As regards Open, Strategic Self-Reliance – the main political and conceptual priority underlying the Presidency, aimed at profoundly conditioning the future of the Union – Spain must finalize the first official text at the Granada summit to avoid Europe having to respond reactively to external events in the near future (events such as Covid or the invasion of Ukraine) and enabling it to stay ahead. To this end, the Spanish government is working on three lines: 

  • Increased strategic capacity, specifying the areas in which minimum industrial production levels must be established and with which industrial and innovation policies, its place in the single market and the extent of European integration. 
  • How the increase in strategic capacities can be combined with the ecological and energy transition, highlighting ideas such as circularity. This includes exemplary, model Spanish industries, such as the steel industry, making it possible to reduce the import of strategic materials from third countries. 

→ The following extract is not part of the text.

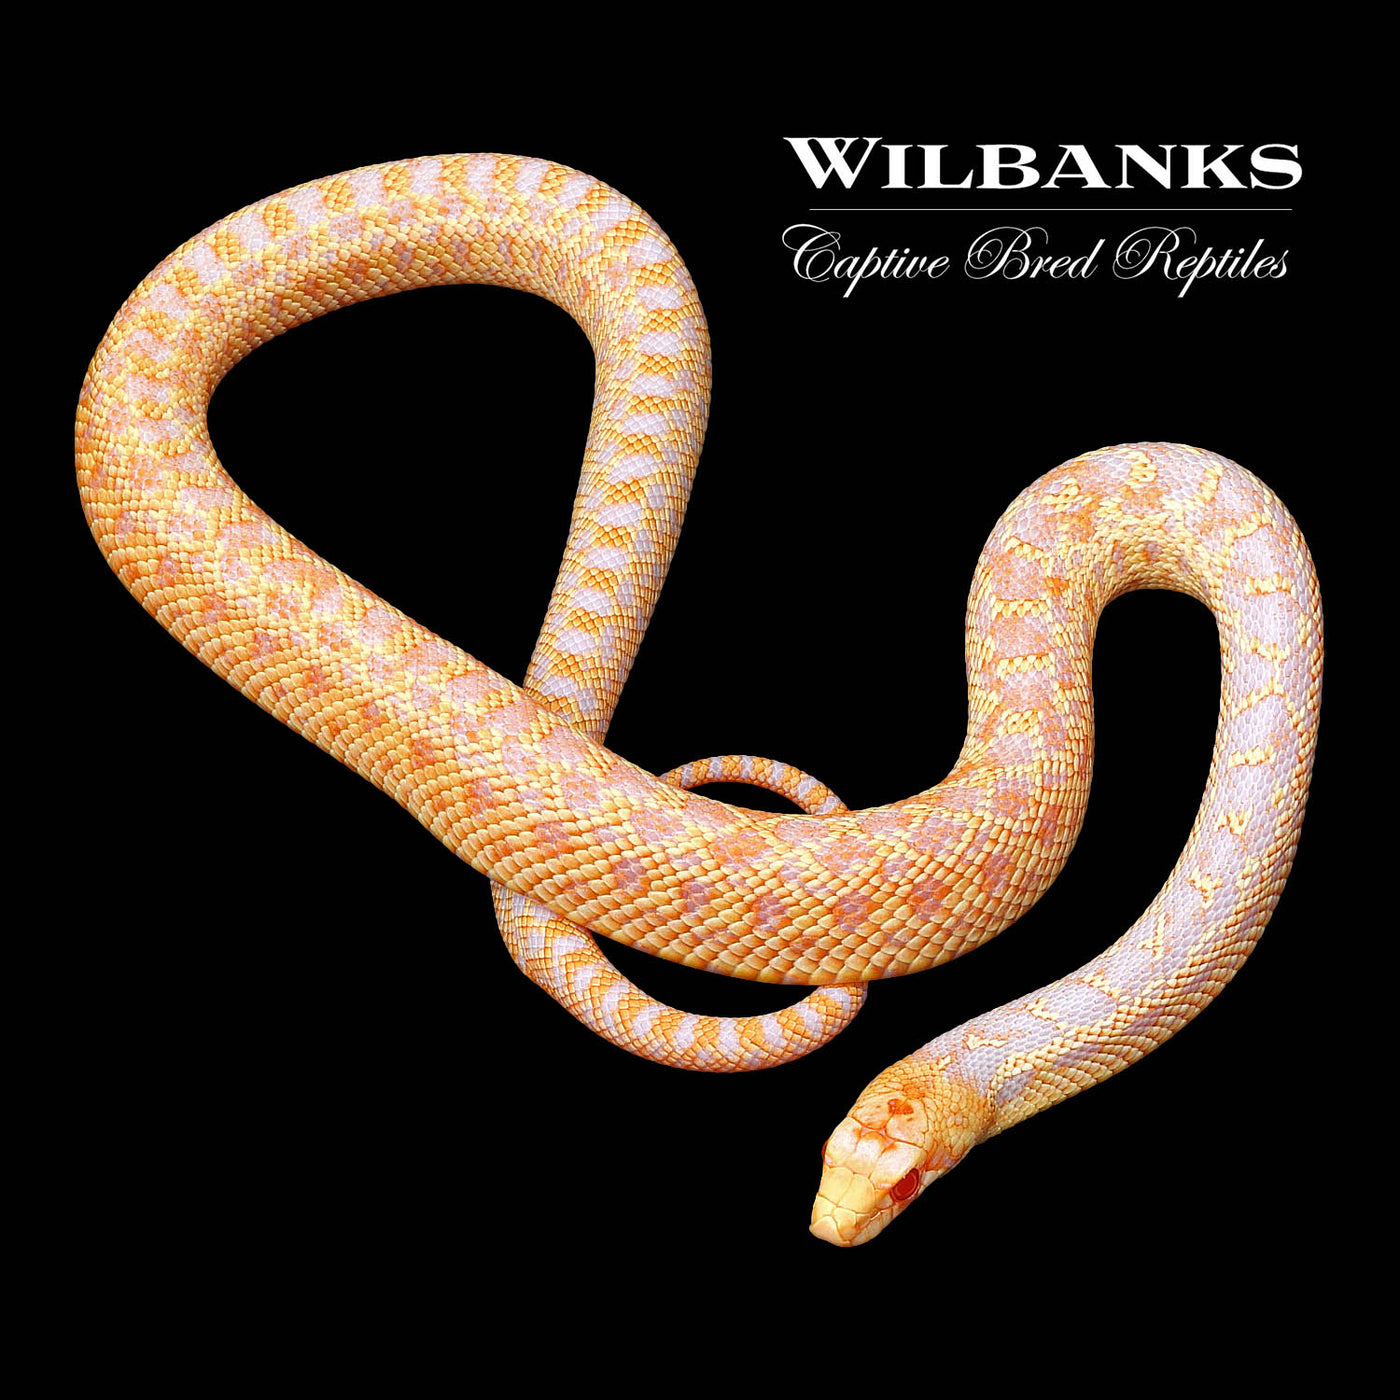 Applegate Albino San Diego Gopher Snake ♂ '22

  • Self-reliance combined with greater strategic openness, recurring to traditional debates such as the renovation of multilateral institutional architecture and the role of the EU, with a view to enhancing its ability to respond to vulnerabilities. 

In short, an ambitious, strategic agenda at a transcendental time, as becomes a pro-European country committed to European values, the values that ultimately explain the abysmal differences in favor of European society vis-à-vis the rest of the world which is, once again, approaching crucial crossroads.